Without any pictures, retype exactly the lines that begin at the one holding "USeP BOR reappoints Generalao to presidency" and end at the last line of the data below.

Supplied data
····················

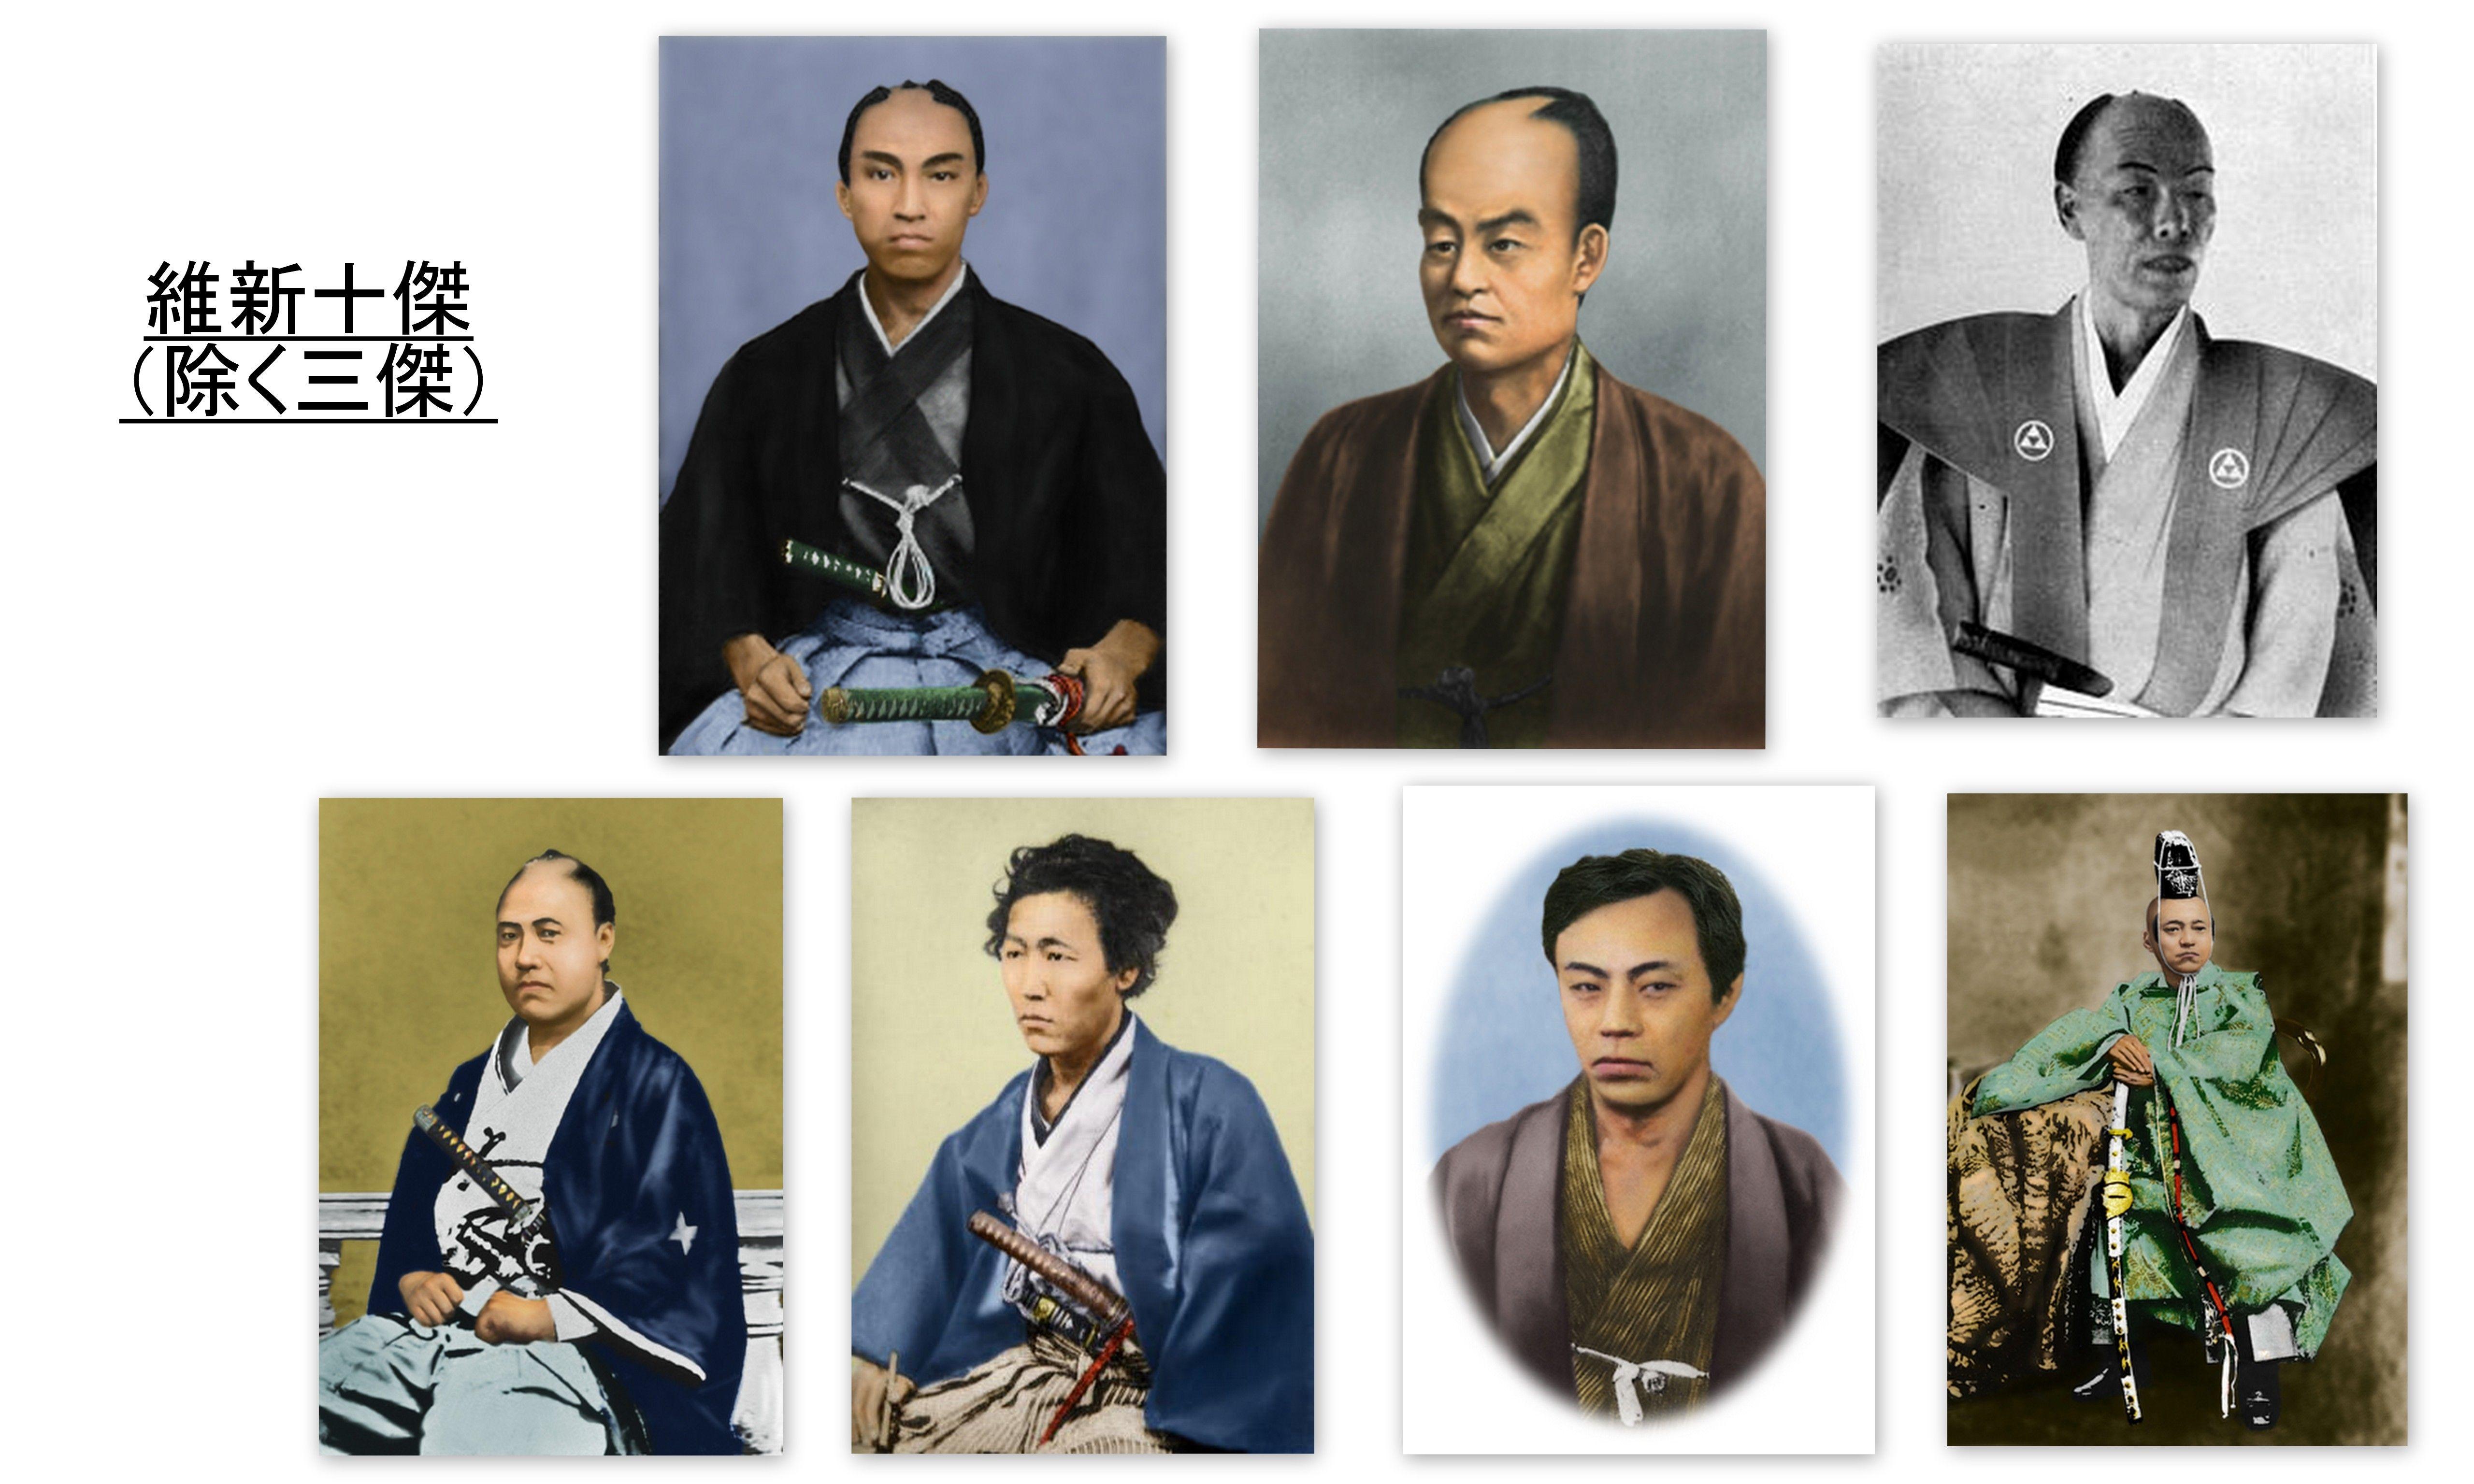 Musuis Story The Autobiography of a Tokugawa Samurai
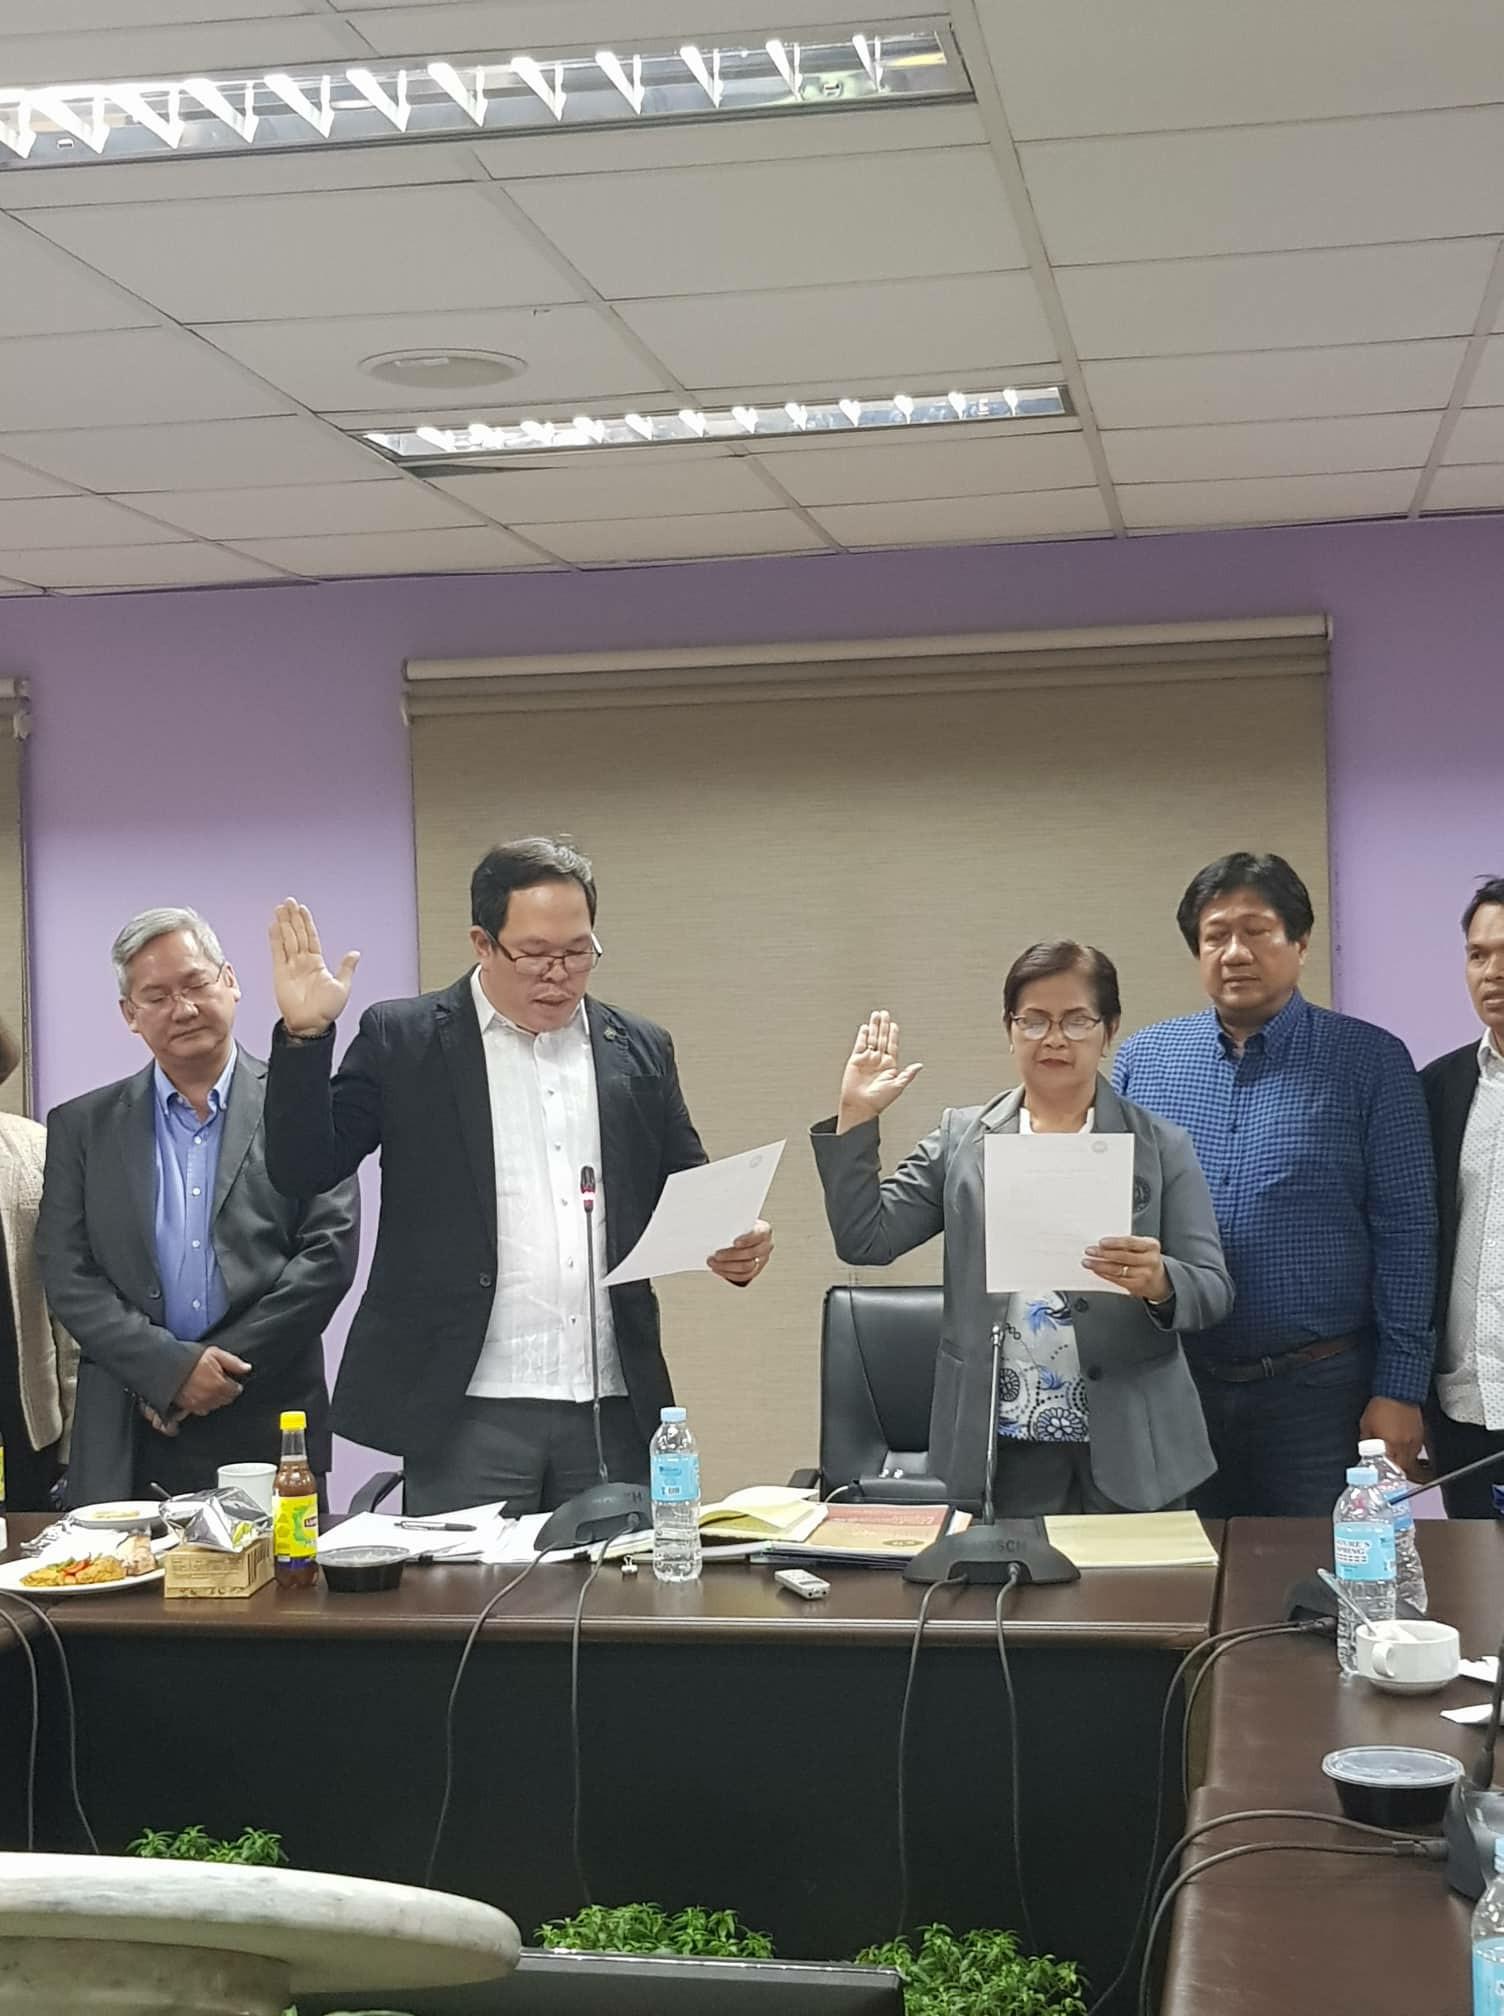 USeP BOR reappoints Generalao to presidency
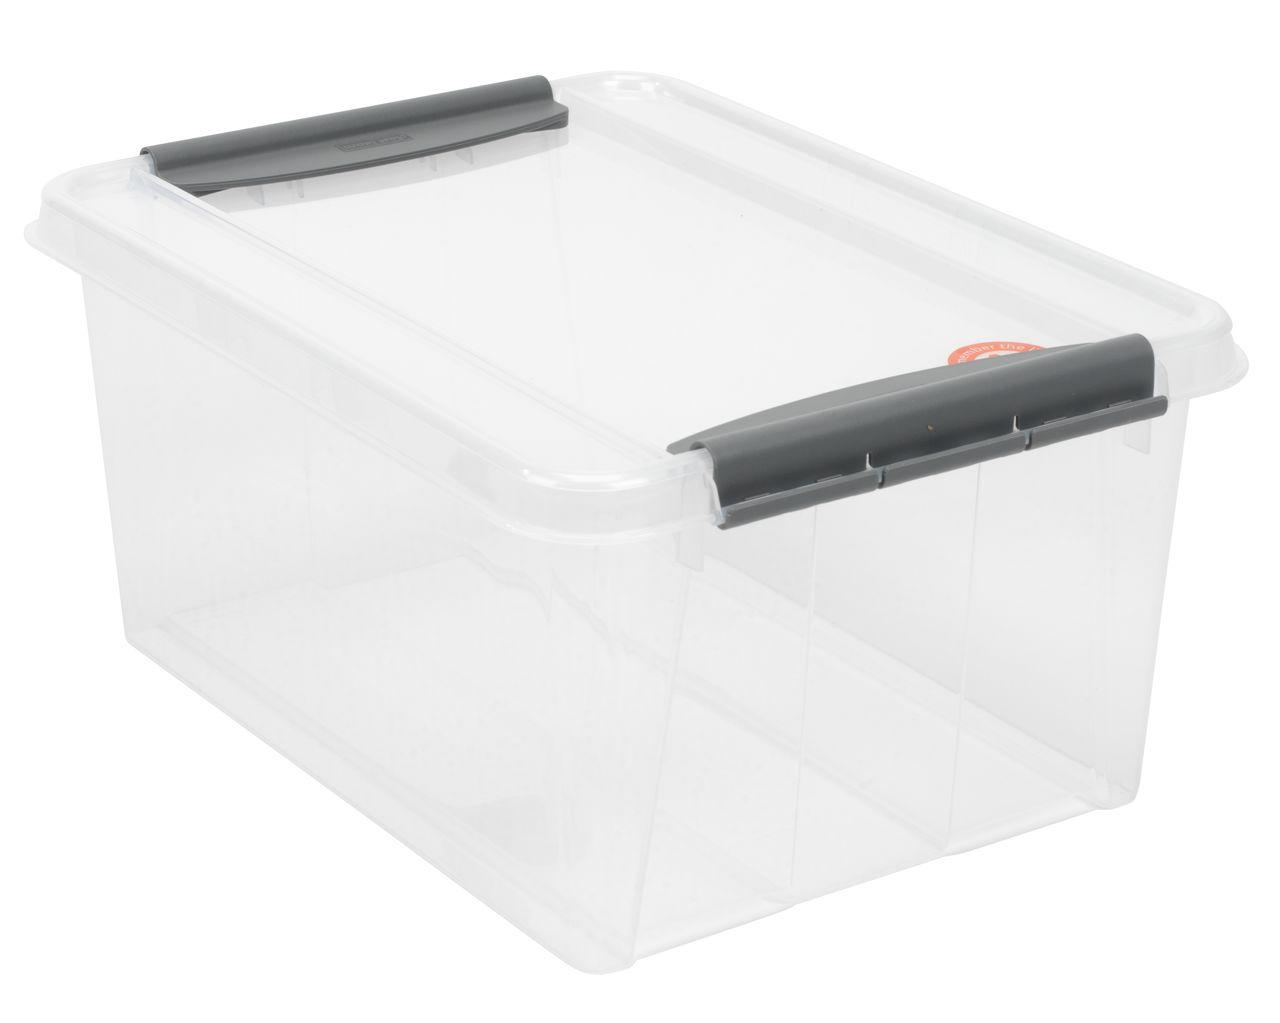 dd30a1f59 Úložný box PROBOX 14L s víkem | JYSK

····················

Completed task
 USeP BOR reappoints Generalao to presidency
 dd30a1f59 Úložný box PROBOX 14L s víkem | JYSK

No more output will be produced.